Having some experience dealing with various versions of Python running on multiple OS (Linux, Mac, Windows) would be a great plus.
A previous experience with S3cmd, S3, Object Storage, or cloud services is NOT REQUIRED to apply but would be appreciated.
It is usually fun and easy to understand when you are new to the subject.

Note:

Despite being a client for "Object Storage" services, you can expect to be able to develop and test S3cmd with no or very low cost:

  • s3cmd is entirely based on Python with a very limited number of basic dependencies and doesn't need compilation, so very little "computer resources" are needed.
  • Small Open Source and S3 compatible servers can easily run in local (Ex.: Minio).
  • Cloud object storage services usually offer very comfortable "free tiers".

Apply for a project

You can find a list of suggested project ideas in the following of this page ([link](# Idea List)) but we also encourage candidates to come up with their own project idea.

How to apply:

  1. Try to understand the project and eventually give a try to s3cmd
  2. Read the GSoC timeline, contributor responsibilities to ensure your eligibility
  3. (Recommended) Open a new issue here with the "[GSoC2024]" tag in title to present yourself
  • Who are you?
  • What is your background?
  • In which country are you located? Which Timezone?
  • What is your motivation to become a contributor for the S3cmd organization?
  • Which projects are you interested in and why?
  • What is your projected availability during the program to complete the project?
  1. Submit your application to the Google system before the deadline on April 2 (18:00 UTC). All applications must go through Google's application system; we can't accept any application unless it is submitted there.

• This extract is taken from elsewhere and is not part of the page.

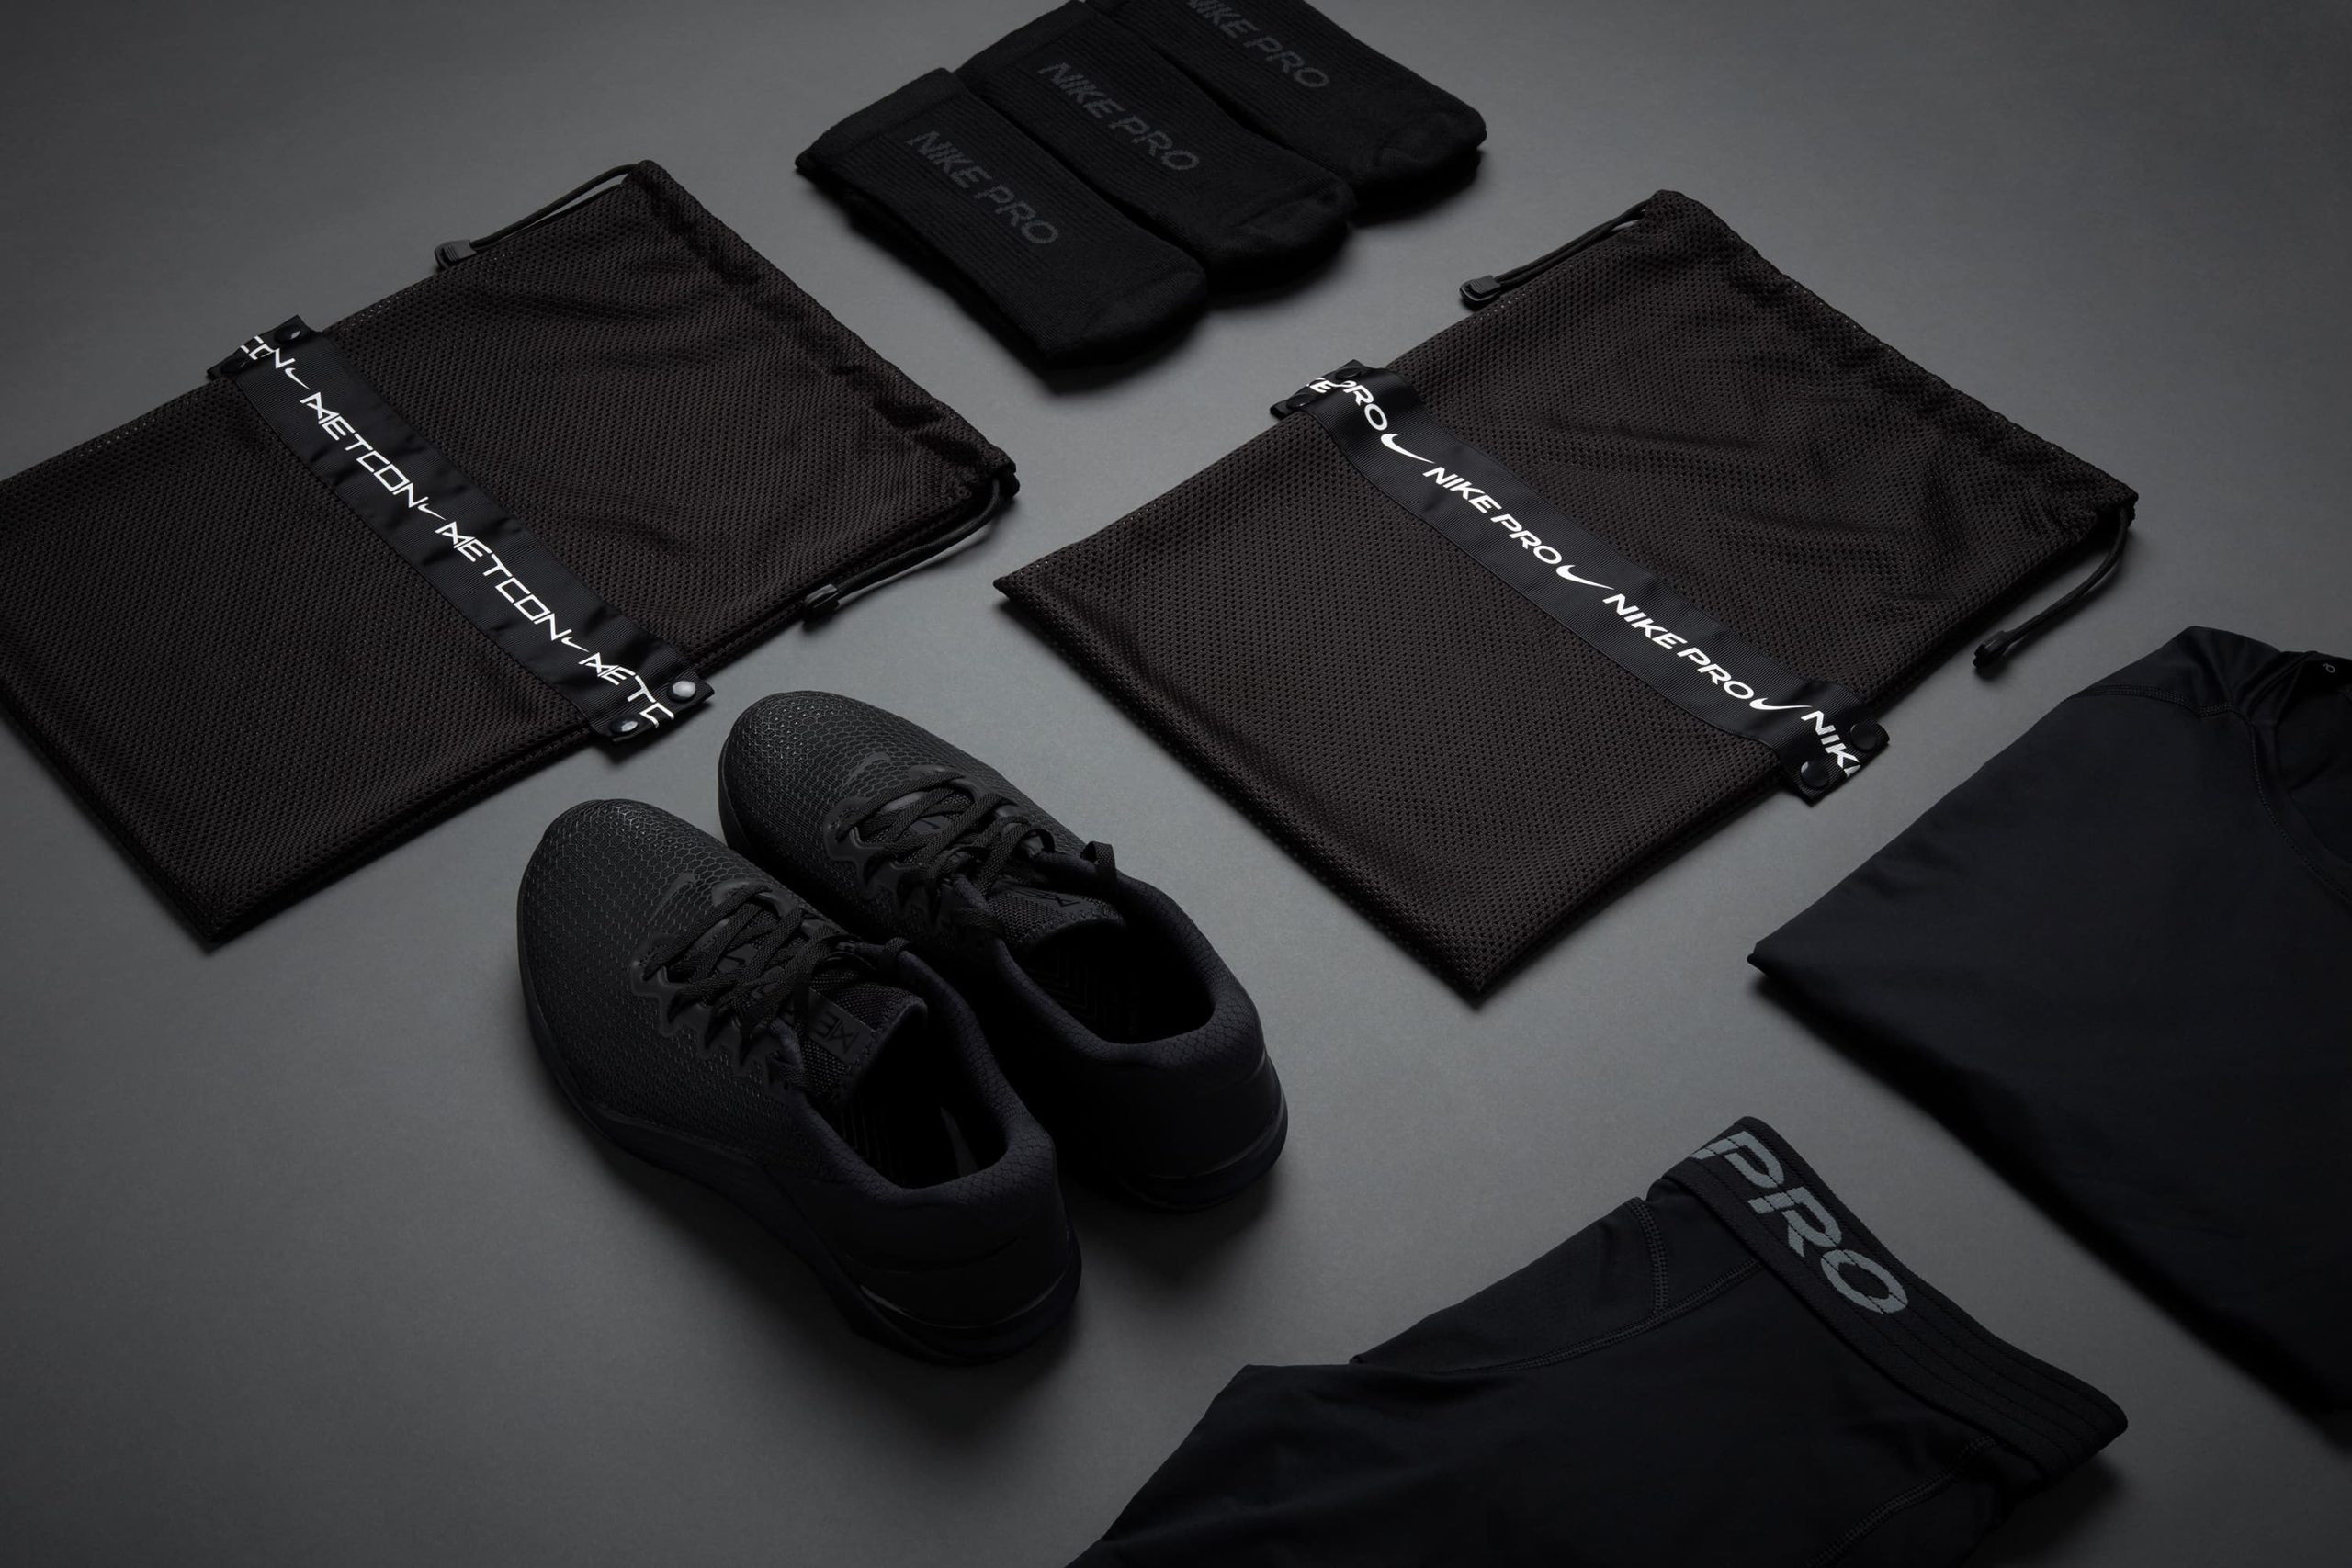 Photograph of the Nike Training pack complete with trainers and apparel.

Feel free to send an email to florent AT sodria.com if you want to exchange privately, to ask questions or discuss of a possible application.


Idea List

Project 1 - Create a new cache feature backed by an embedded database

  • Desirable skills: Python, DB, SQLite, S3 API
  • Estimated duration: 350 hours
  • Difficulty: hard
  • Mentor: @fviard

To be able to synchronize local and remote files, we have to compare the file "hash" from both sides.
This requires us to do an expensive "recalculation" of local files "hashes" at each run.
Performance can be improved a lot by using a cache of local files "hashes" to avoid this recalculation.

Currently, s3cmd has already a "cache" feature but its implementation is very inefficient.
It is a single raw text file based on a "pickle" marshaling of the file list in memory.
We could improve considerably the performance, the reliability and the memory usage by developing a brand new cache logic that would use an embedded database (Sqlite3, MDB, LMDB, ...) to store the information.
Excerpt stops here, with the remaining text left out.